**Work to complete:**
Your response should consist of the entries below, reproduced exactly and without their images.

**Dataset entries:**
-- -- --
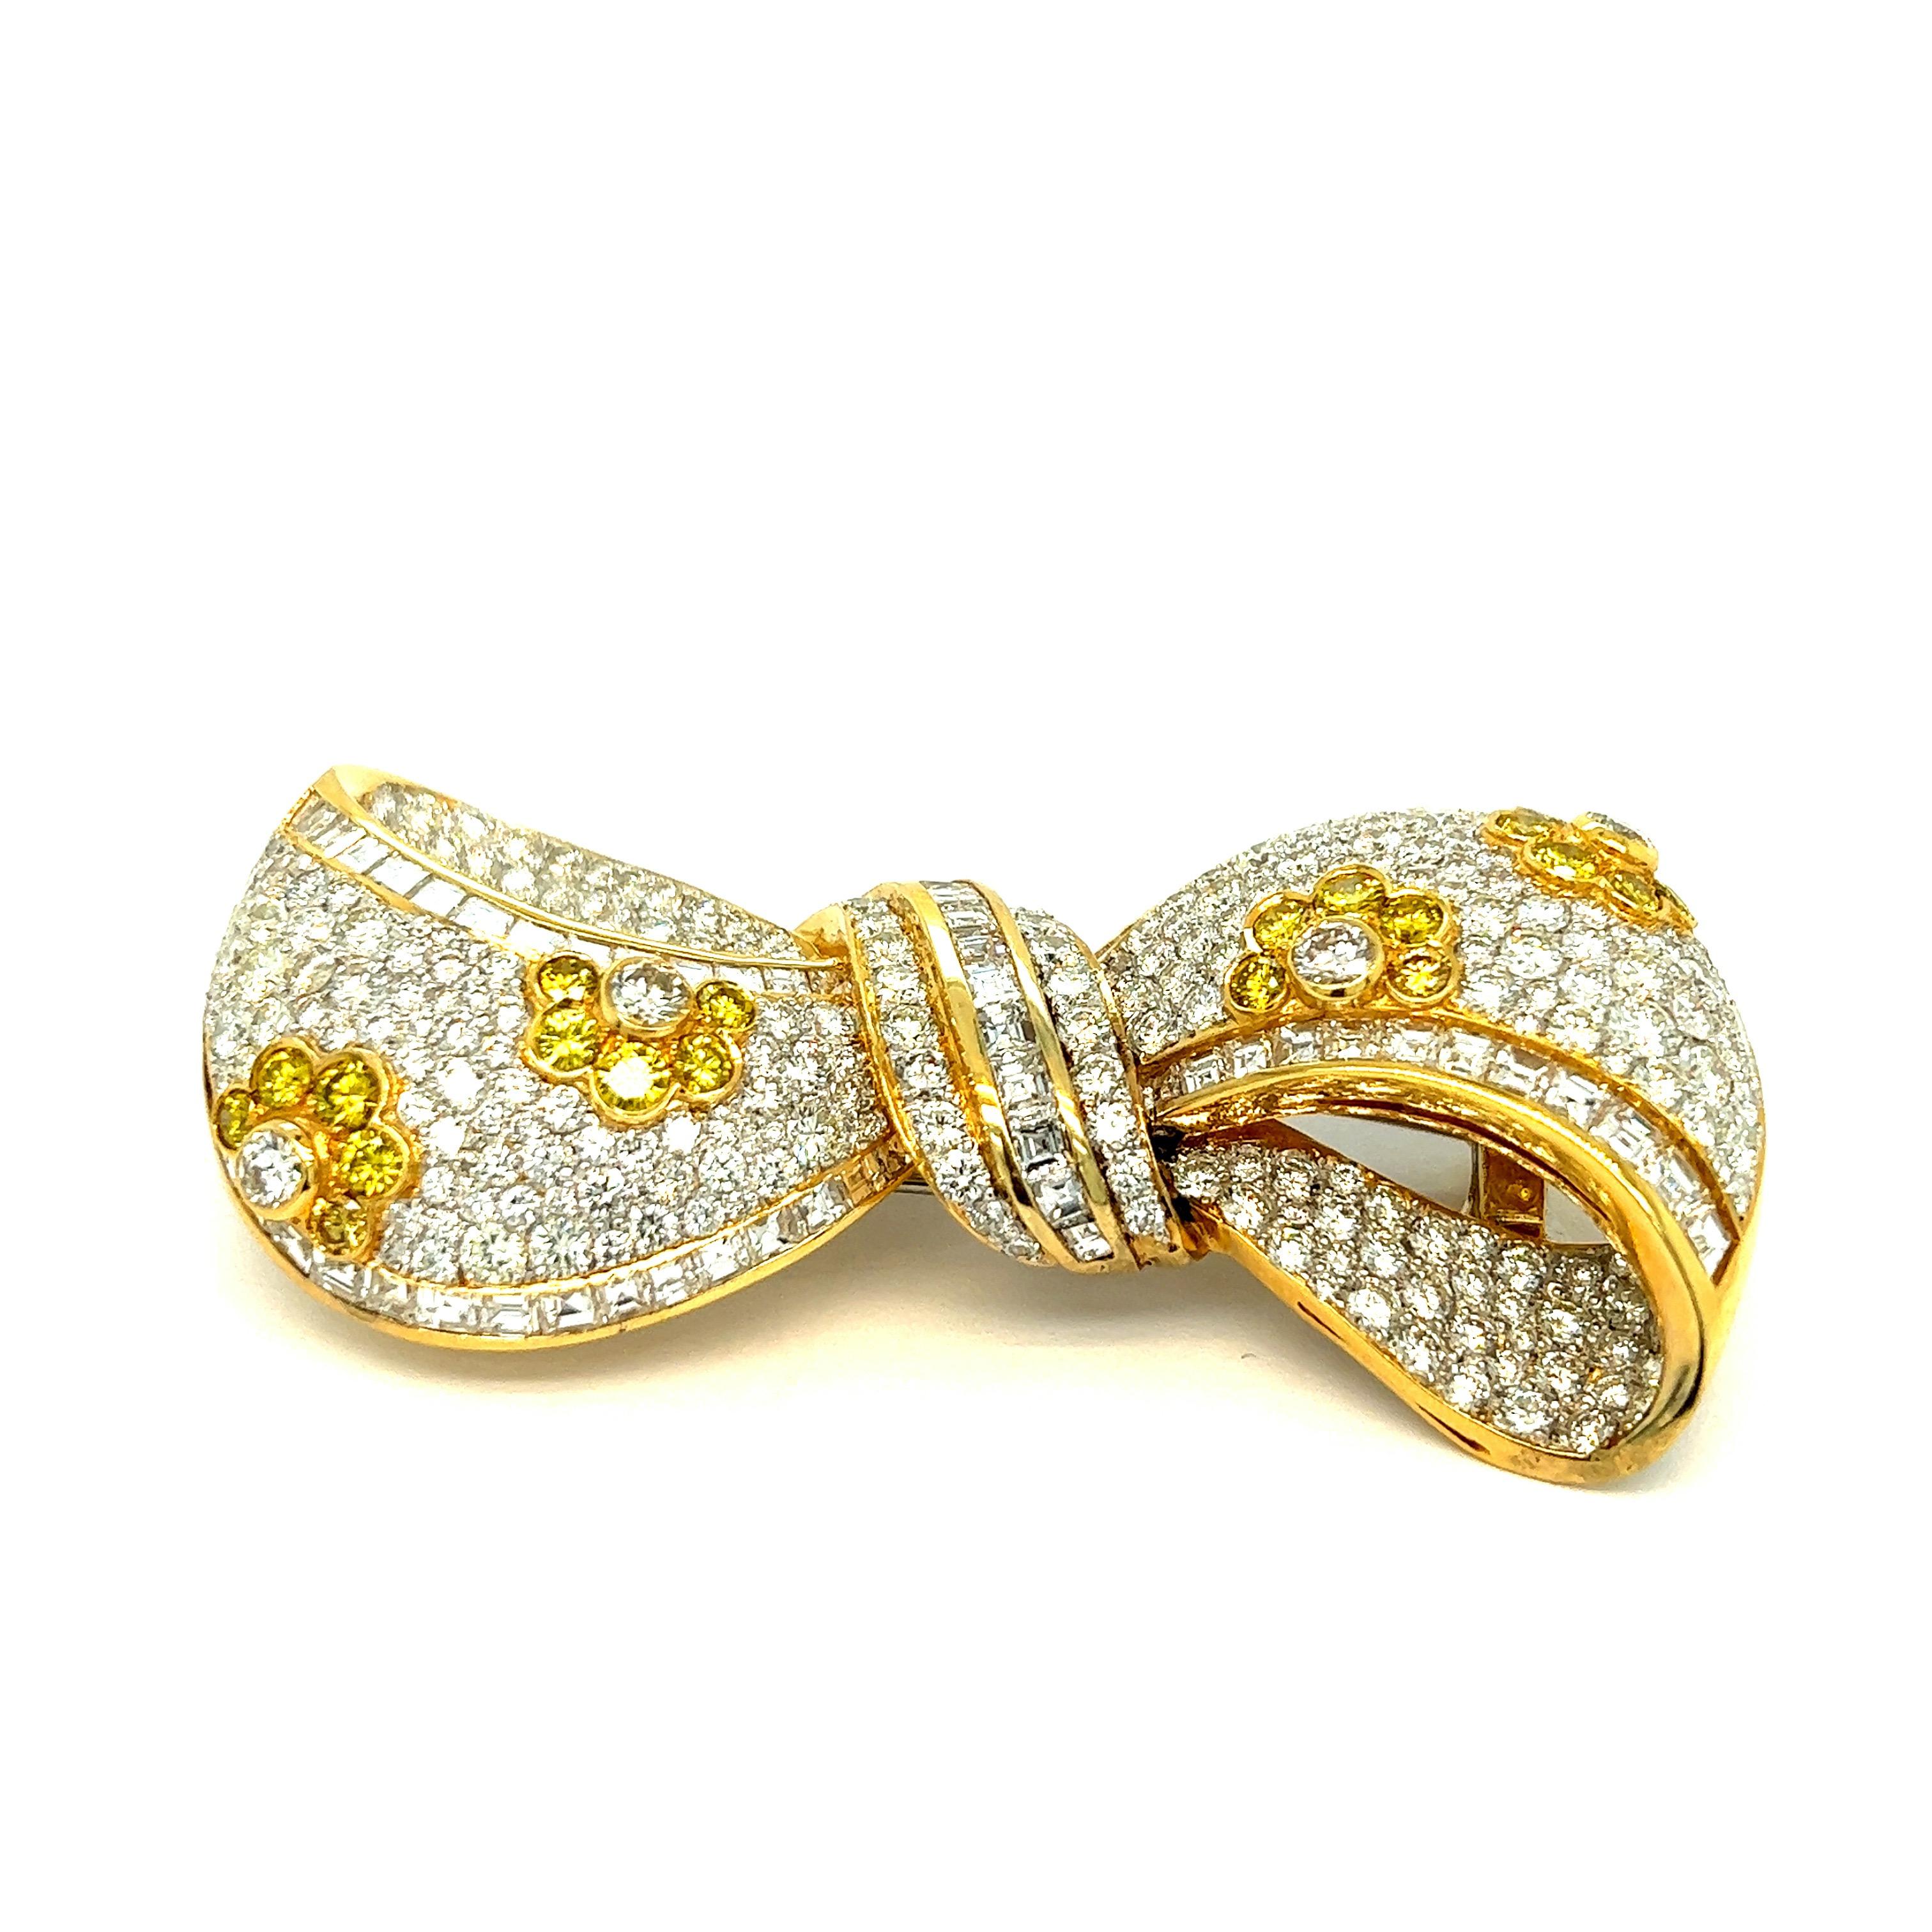 White & Fancy Color Diamonds Bow Brooch

Beautiful round- and square-cut white and fancy color diamonds of 12.74 carats set on 18 karat white and yellow gold; marked 750, 18k, D1274

Size: width 2.5 inches, length 1.13 inches
Total weight: 30.0 grams
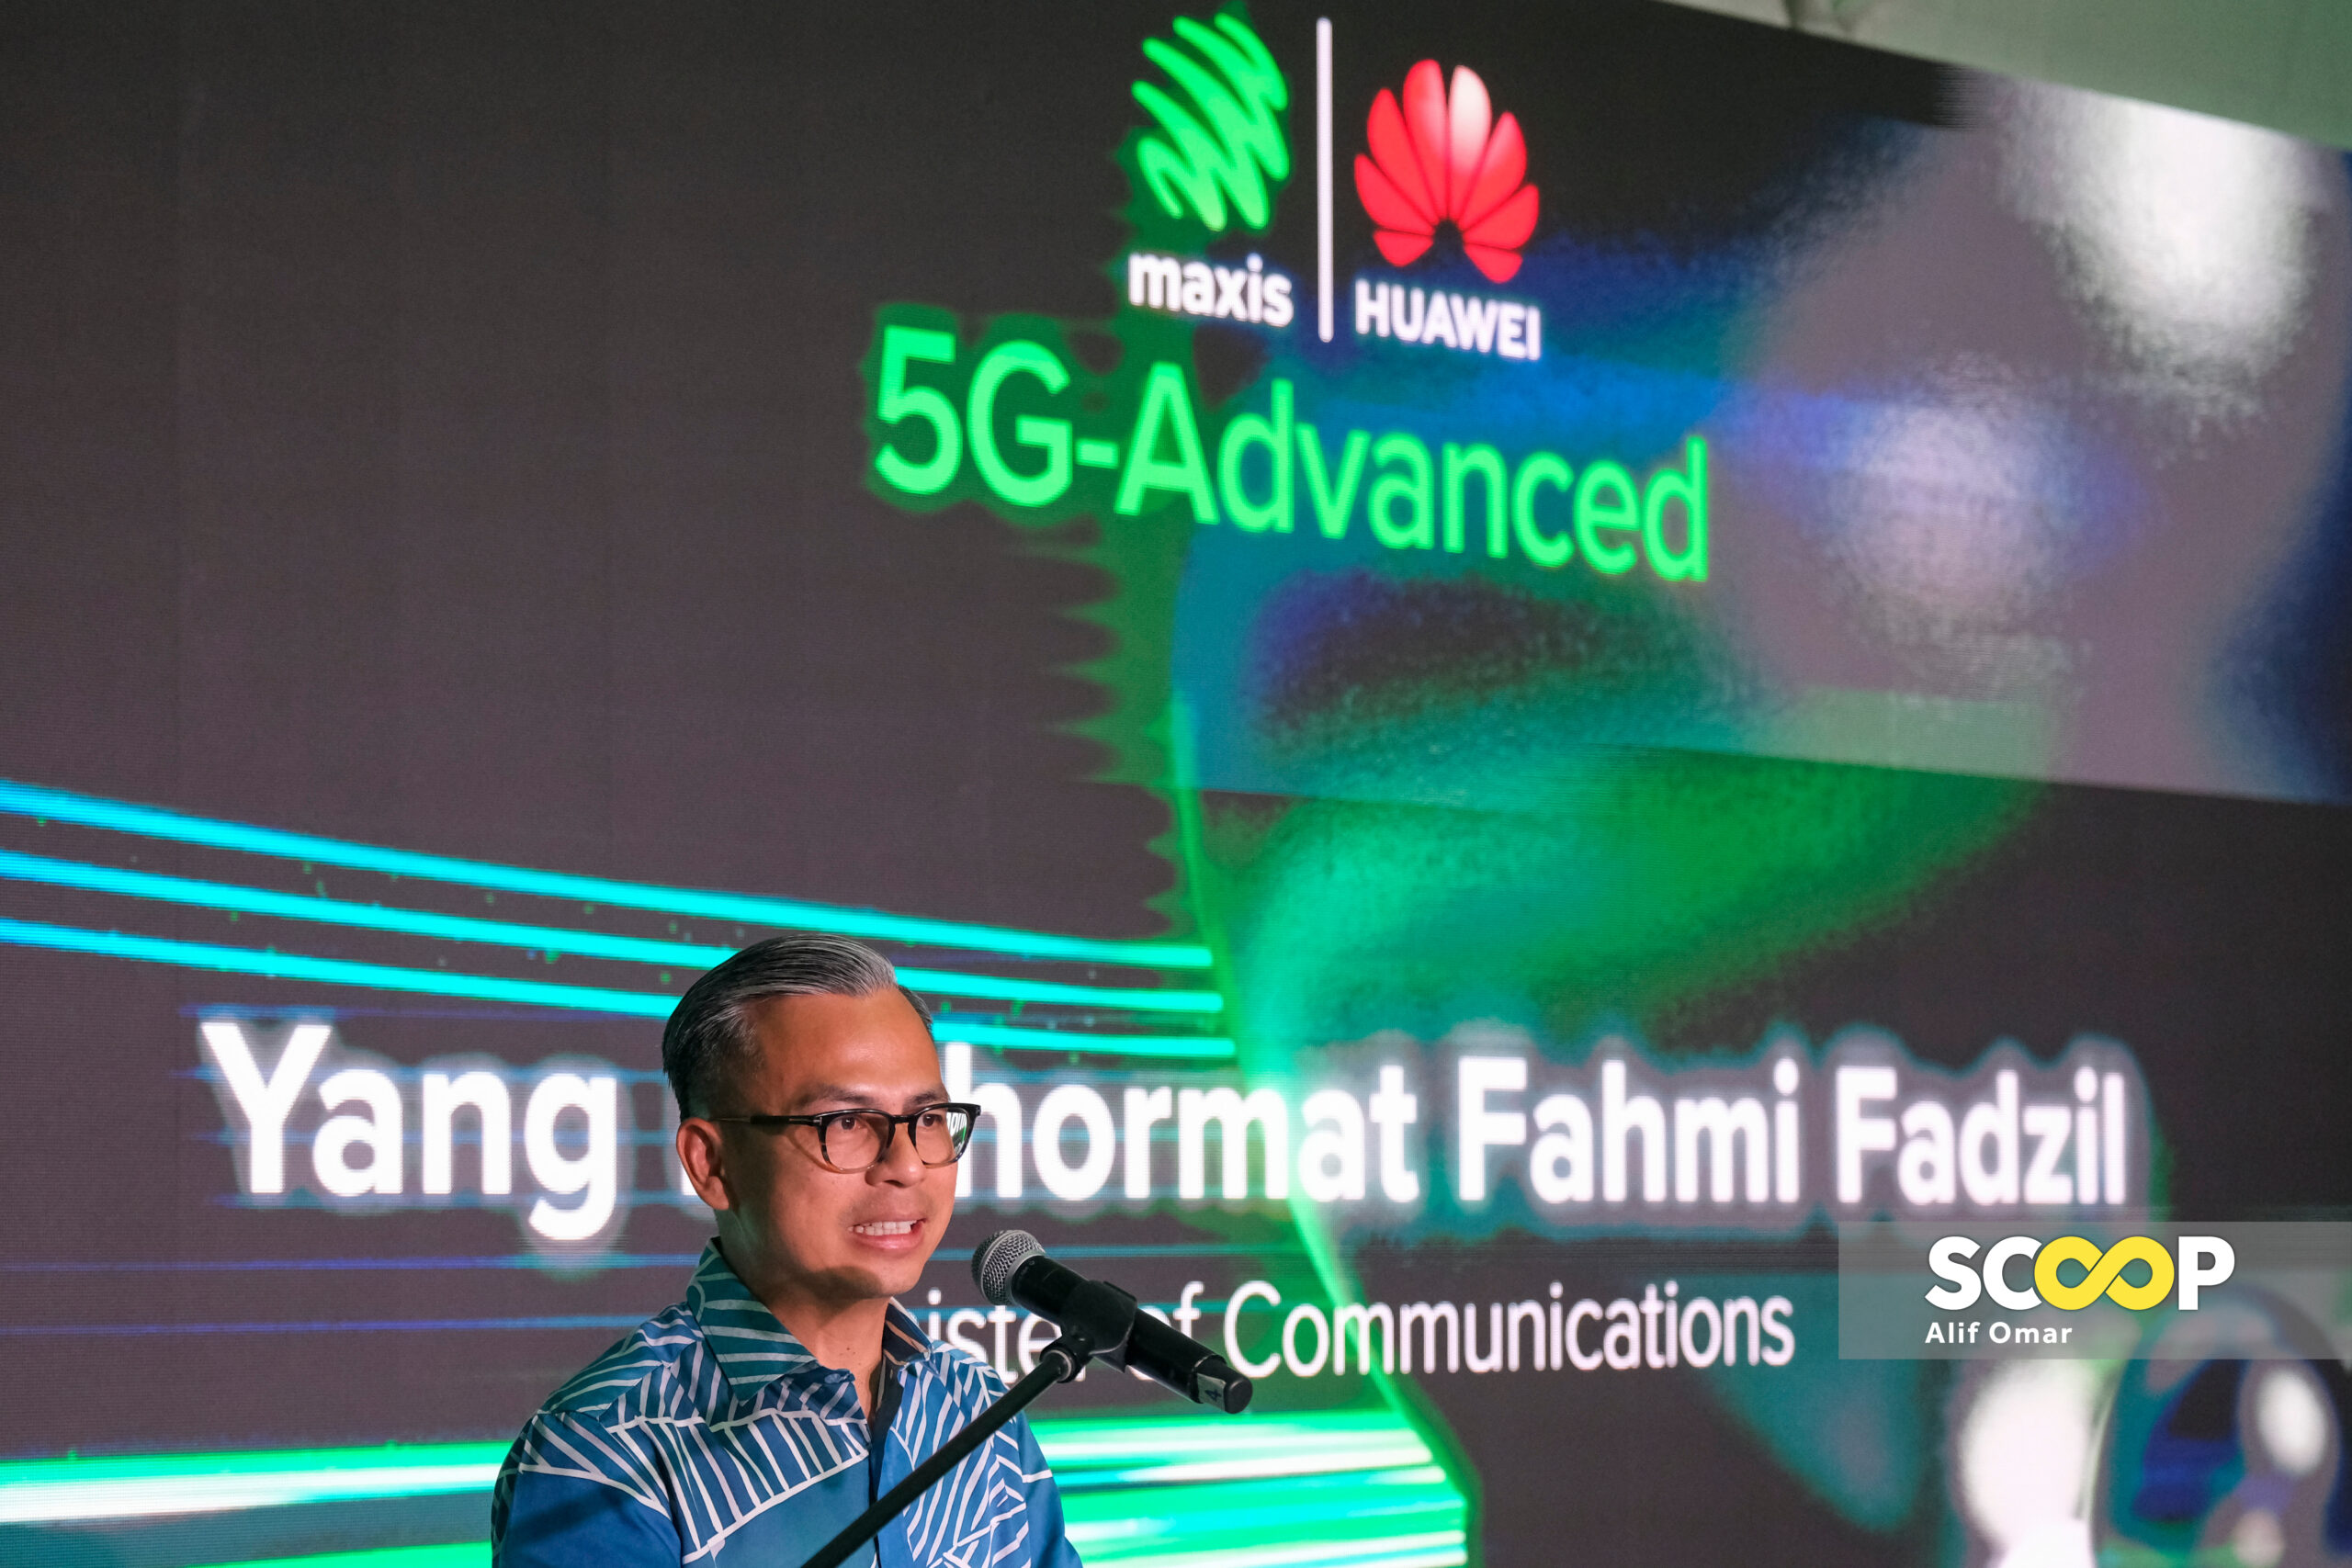 [UPDATED] Nearly 30% of Malaysians have adopted the use of the 5G network: Fahmi
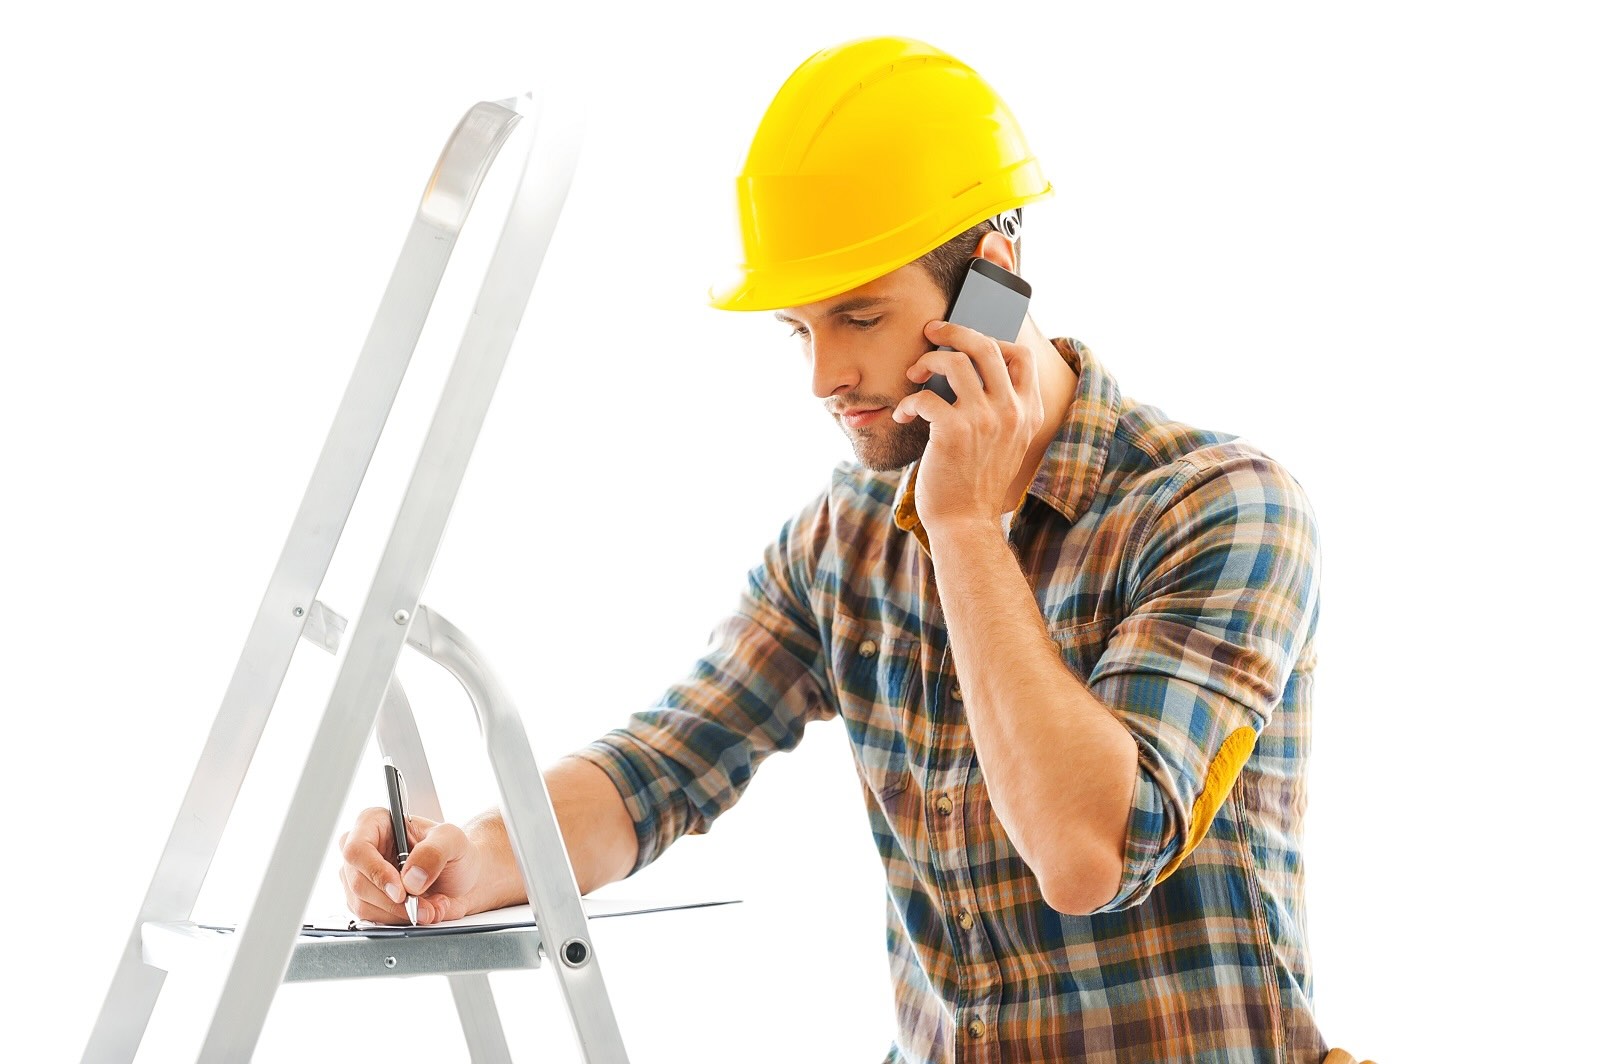 What Do You Need To Start Your Own Construction Company
-- -- --
**Exercise response:**
 White & Fancy Color Diamonds Bow Brooch

Beautiful round- and square-cut white and fancy color diamonds of 12.74 carats set on 18 karat white and yellow gold; marked 750, 18k, D1274

Size: width 2.5 inches, length 1.13 inches
Total weight: 30.0 grams
 [UPDATED] Nearly 30% of Malaysians have adopted the use of the 5G network: Fahmi
 What Do You Need To Start Your Own Construction Company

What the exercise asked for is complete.